TASK OBJECTIVE:
Although the data below contains pictures, output only the lines between those holding "MAZDA MODEL CX-5" and "132 在郑州市骨科医院手术", inclusive, exactly and without those pictures.

MATERIAL SHOWN:

++++++++

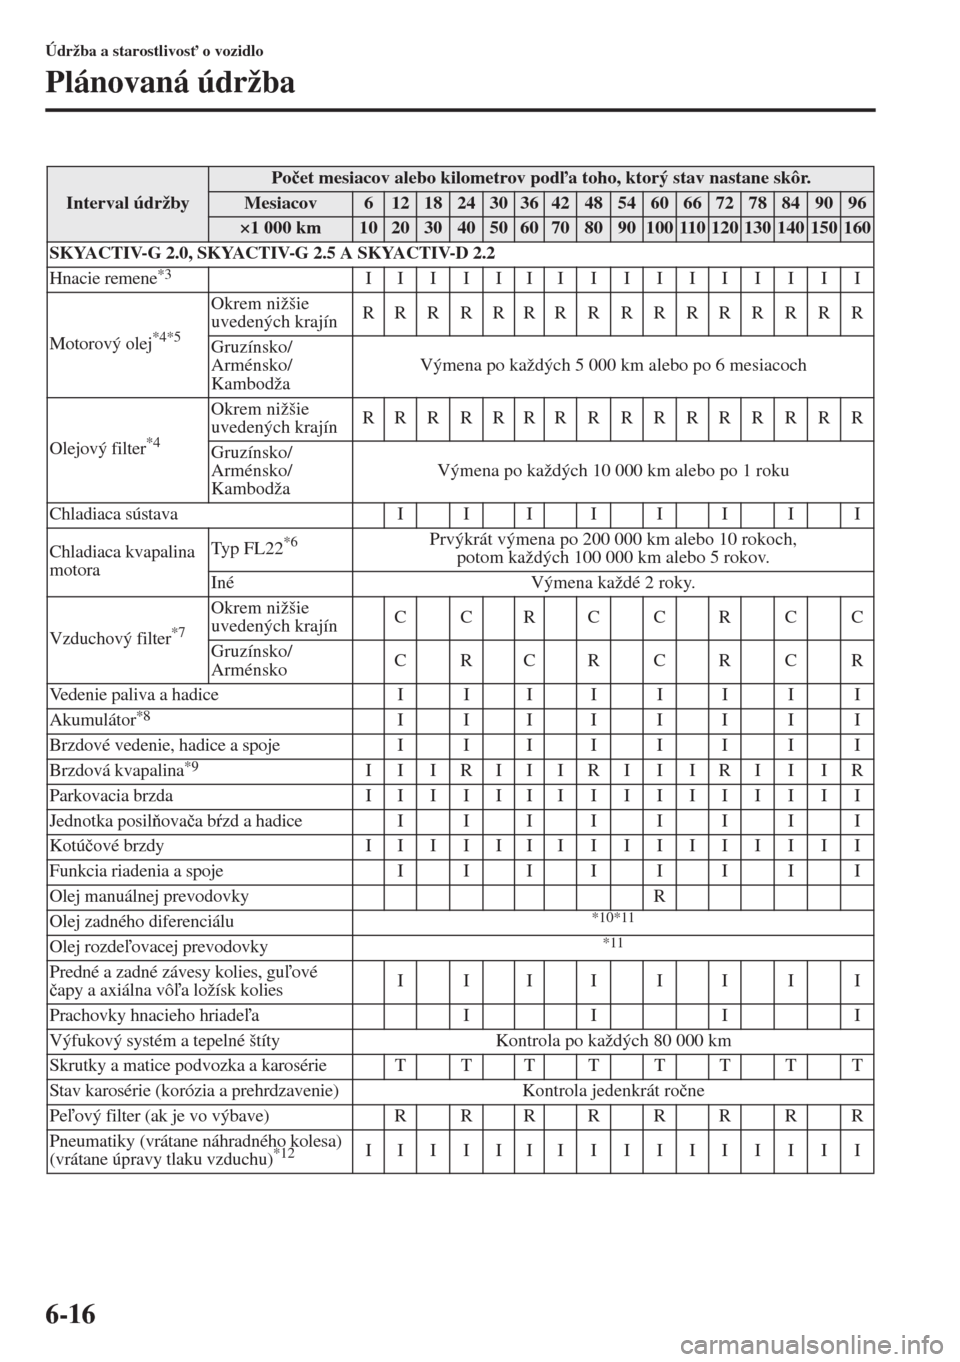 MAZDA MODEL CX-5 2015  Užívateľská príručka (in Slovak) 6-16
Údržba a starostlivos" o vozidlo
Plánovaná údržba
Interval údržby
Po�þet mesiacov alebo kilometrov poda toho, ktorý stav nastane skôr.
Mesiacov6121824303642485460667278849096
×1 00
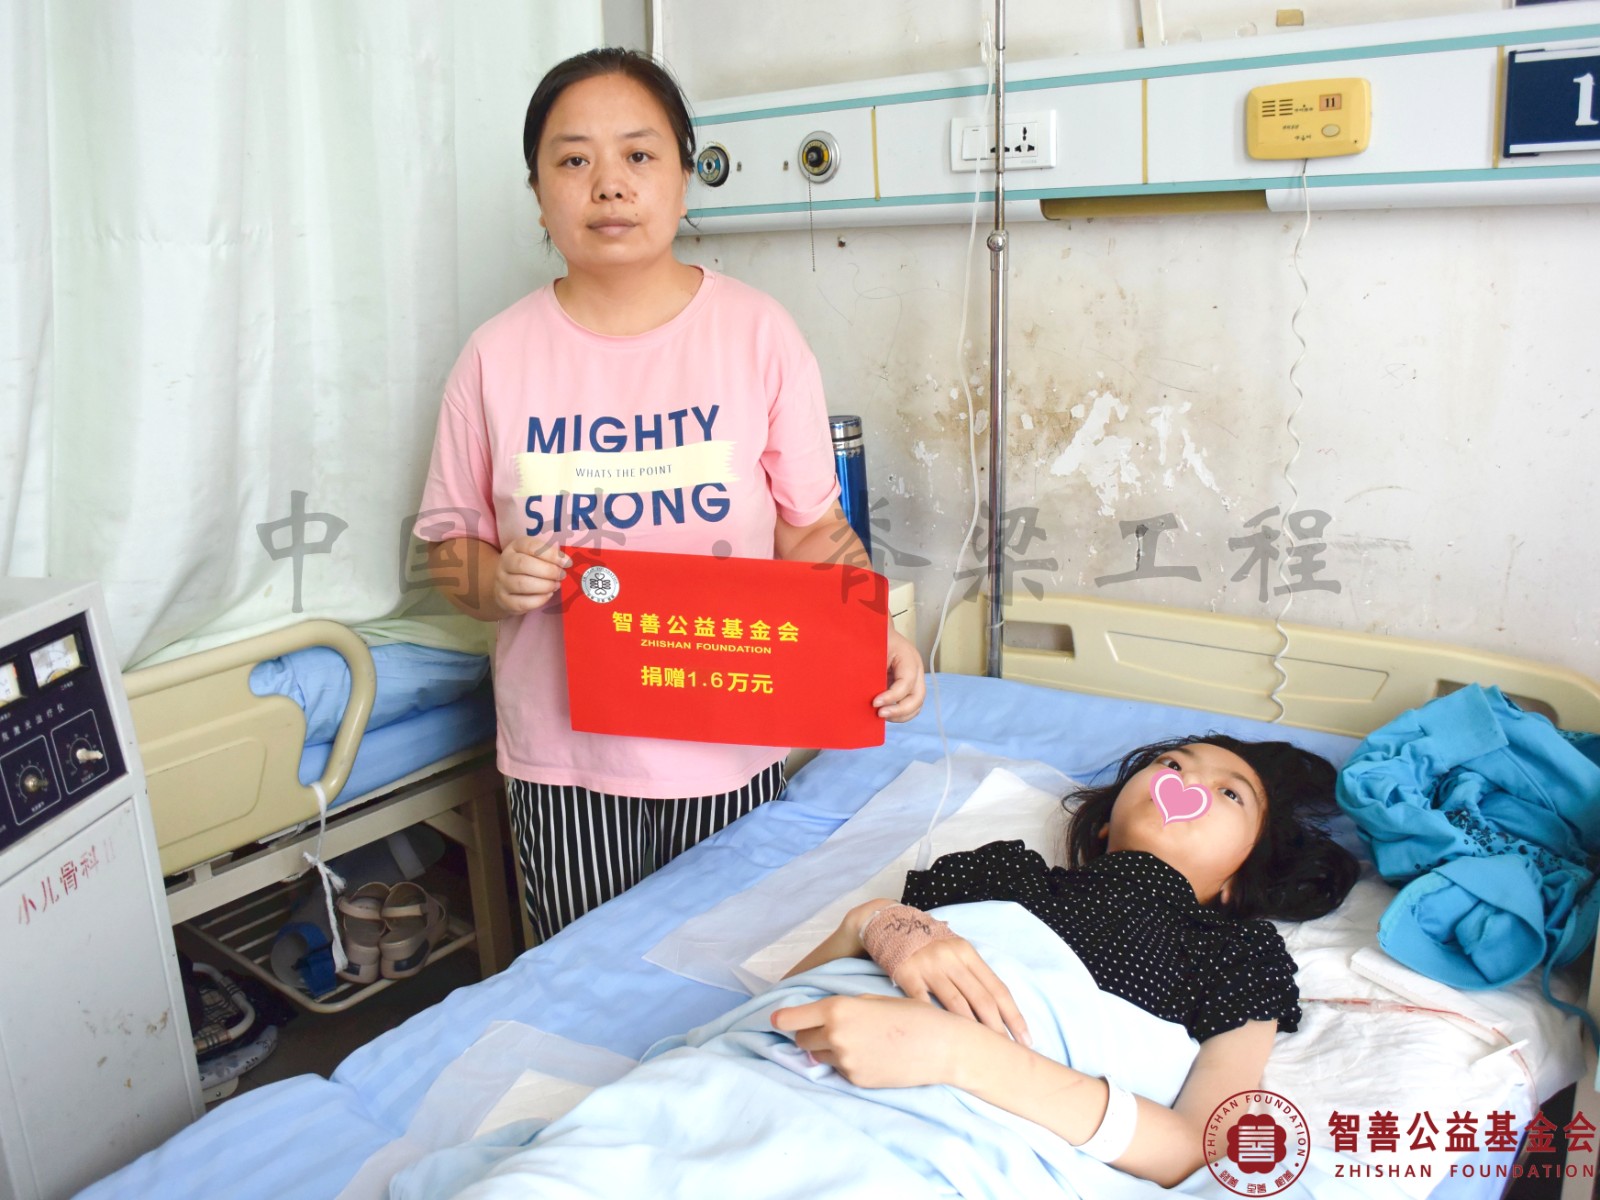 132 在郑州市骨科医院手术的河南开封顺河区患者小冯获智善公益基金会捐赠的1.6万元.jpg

++++++++

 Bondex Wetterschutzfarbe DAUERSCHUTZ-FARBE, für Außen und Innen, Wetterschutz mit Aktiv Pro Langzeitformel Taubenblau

++++++++

RESULT OF THE TASK:
 MAZDA MODEL CX-5 2015  Užívateľská príručka (in Slovak) 6-16
Údržba a starostlivos" o vozidlo
Plánovaná údržba
Interval údržby
Po�þet mesiacov alebo kilometrov poda toho, ktorý stav nastane skôr.
Mesiacov6121824303642485460667278849096
×1 00
 132 在郑州市骨科医院手术的河南开封顺河区患者小冯获智善公益基金会捐赠的1.6万元.jpg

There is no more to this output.